Das sah ihr ähnlich. Die ganze Welt hat schließlich zu wissen, wo Jazz Reynolds sich aufhält.
Ich blinzelte in die Sonne und sammelte mich. Alle wissen, wo Jazz ist. Tot, aber nicht begraben. Der Brief musste von dem Brand verschont worden und dann verloren gegangen sein, um schließlich Monate später hier einzutreffen. Ich atmete aus. Mir war nicht bewusst gewesen, dass ich die Luft angehalten hatte. Mein Herz schlug wieder. Alles war bestens.
Ich ließ das kleine Rechteck in die Tasche gleiten und eilte zum Haus. Mom brauchte den Brief nicht zu sehen. Wer weiß, welche Mengen an Antidepressiva nötig wären, damit sie den Schock verkraftete. Auf den Stufen blieb ich kurz stehen. Ich sollte ihn wegwerfen. Wem würde der Brief schon helfen? Briefe von toten Mädchen enthalten nie gute Neuigkeiten.
Aber er könnte das Letzte sein, was wir je von Jazz erhalten. Dieser Gedanke nagte an meinem Gewissen. Ich seufzte und trat durch die Küchentür.
»Mom?«
»Ich bin hier.« Moms Stimme zitterte und klang, als befände sie sich unter Wasser. Ich wusste, dass sie geweint hatte. Schon wieder. Immer noch.
Ich folgte der Stimme und ging ins Wohnzimmer. Mom saß in ihrem beigefarbenen Chenille-Bademantel auf dem Sofa. Ihr selbst geschnittenes Haar war ungewaschen und sie trug rosa-weiße Kaninchen-Puschen. Ein Geschenk von Jazz. Sie hatte den Kopf in die Hände gestützt. Tränen rannen ihr über die Wangen, die Finger, dann die Handgelenke hinunter und durchweichten die Ärmelaufschläge des angeranzten Bademantels. Auf dem Schoß lag ein Scrapbook. Es war das Album, das Jazz angelegt hatte, um darin Erinnerungen und Andenken zu sammeln.

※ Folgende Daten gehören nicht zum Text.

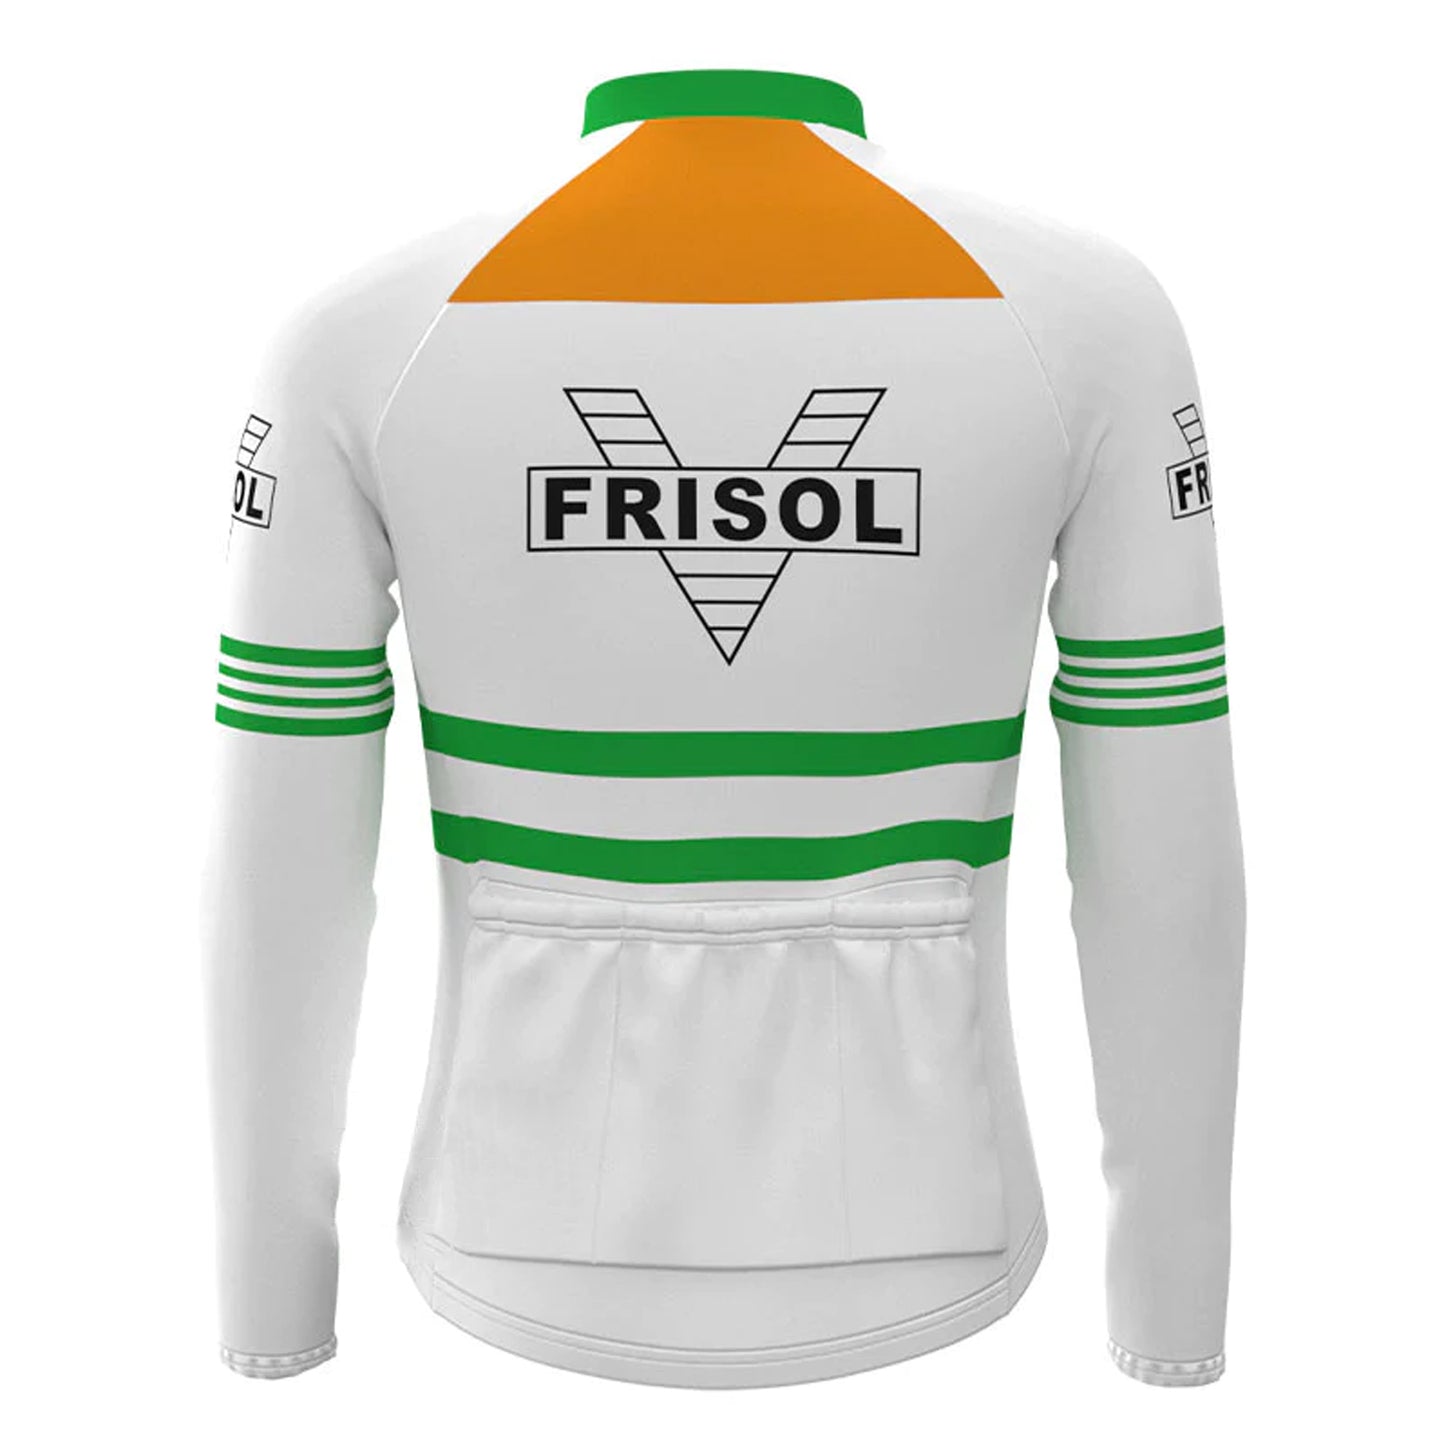 Frisol Green White Long Sleeve Vintage Cycling Jersey Top

Ich ging neben der Couch mit der geschwungenen Rückenlehne und dem braunen Velourssamtbezug in die Hocke. Ursprünglich war es ein Brokatstoff gewesen, aber ich hatte mich als Baby so oft darauf übergeben, dass die Couch neu bezogen werden musste. Der jetzige Bezug war folglich so alt wie ich – vierzehn Jahre - und wies jede Menge Abnutzungsspuren auf. Das Sofa verdeutlichte die Unterschiede zwischen Jazz und mir. Ich kannte die Fotos von Jazz, wie sie gelassen auf dem smaragdgrünen Brokat thronte. Jetzt war der Bezug zweckmäßig und hob sich kaum von dem dunklen Holzboden ab.
Ich berührte Moms Handgelenk, damit sie wusste, dass ich bei ihr war.